TorchSeg is an actively maintained and up-to-date fork of the [Segmentation Models PyTorch (smp) library](https://github.com/qubvel/segmentation_models.pytorch).

#### Updates

The goal of this fork is to 1) provide maintenance support for the original library and 2) add features relevant to modern semantic segmentation. Since the fork, this library has added some features which can be summarized below:

- Improved [PyTorch Image Models (timm)](https://github.com/huggingface/pytorch-image-models) for models with feature extraction functionality (852/1017=84% of timm models). This includes the typical CNN models such as `ResNet`, `EfficientNet`, etc., but now extends to include modern architectures like `ConvNext`, `Swin`, `PoolFormer`, `MaxViT` and more!
- Support for pretrained Vision Transformer (ViT) encoders. Currently timm ViTs do not support feature extraction out of the box. However we have added support for extracting intermediate transformer encoder layer feature maps to obtain this functionality.
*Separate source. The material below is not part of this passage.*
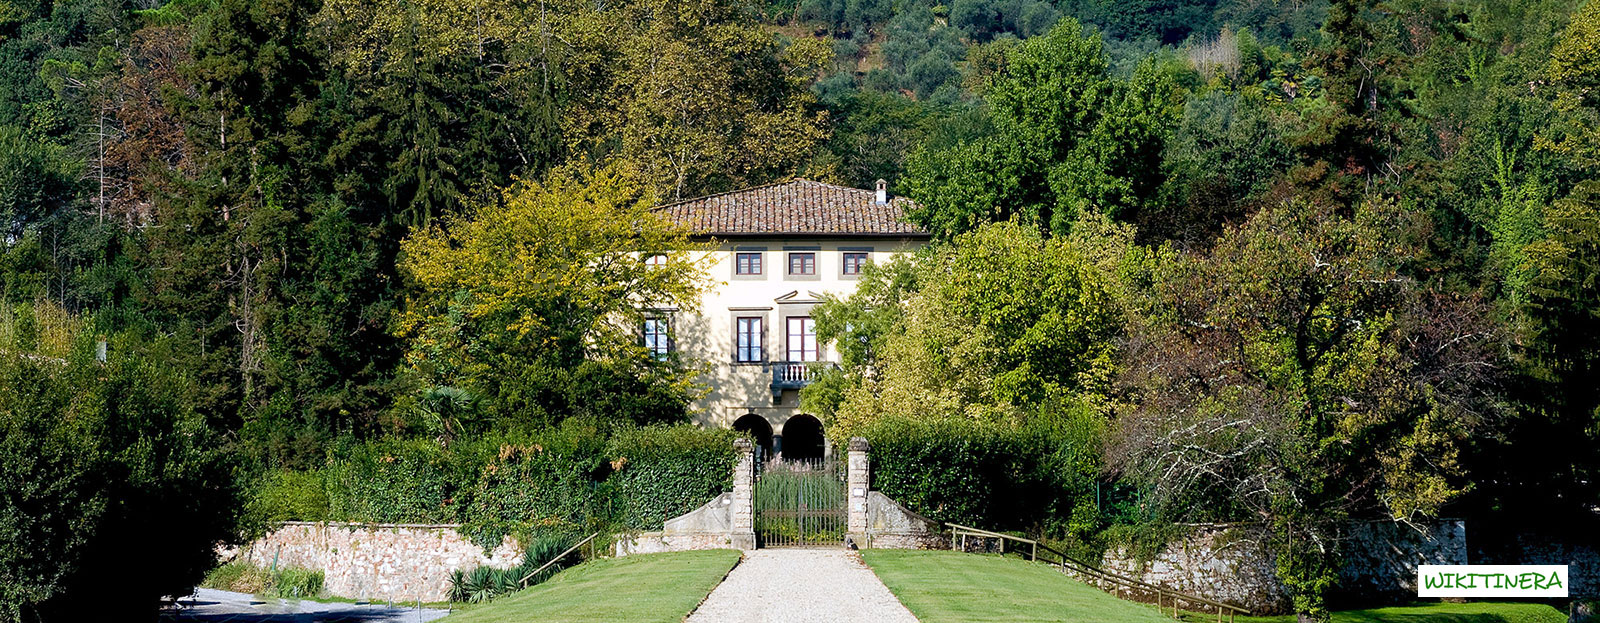 Villa Bernadini

We support 100+ ViT based models including `ViT`, `DeiT`, `FlexiViT`!


Additionally we have performed the following for improved software standards:

- More thorough testing and CI
- Formatting using `black`, `isort`, `flake8`, `mypy`
- Reduction of dependence on unmaintained libraries (now depends only on `torch`, `timm`, and `einops`)
- Reduce lines of code to maintain (removed custom utils, metrics, encoders) in favor of newer libraries such as `torchmetrics` and `timm`


#### Features
The main features of this library are:

 - High level API (just two lines to create a neural network)
 - 9 segmentation architectures for binary and multi class segmentation (including U-Net, DeepLabV3)
 - Support for 852/1017 (~84%) of available encoders from [timm](https://github.com/rwightman/pytorch-image-models)
 - All encoders have pre-trained weights for faster and better convergence
 - Popular segmentation loss functions

#### Example Usage

TorchSeg models at their base are just torch nn.Modules. They can be created as follows:

```python
import torchseg

model = torchseg.Unet(
    encoder_name="resnet50",
    encoder_weights=True,
    in_channels=3
    classes=3,
)
```

TorchSeg has an `encoder_params` feature which passes additional parameters to `timm.create_model()` when defining an encoder backbone. One can specify different activitions, normalization layers, and more like below.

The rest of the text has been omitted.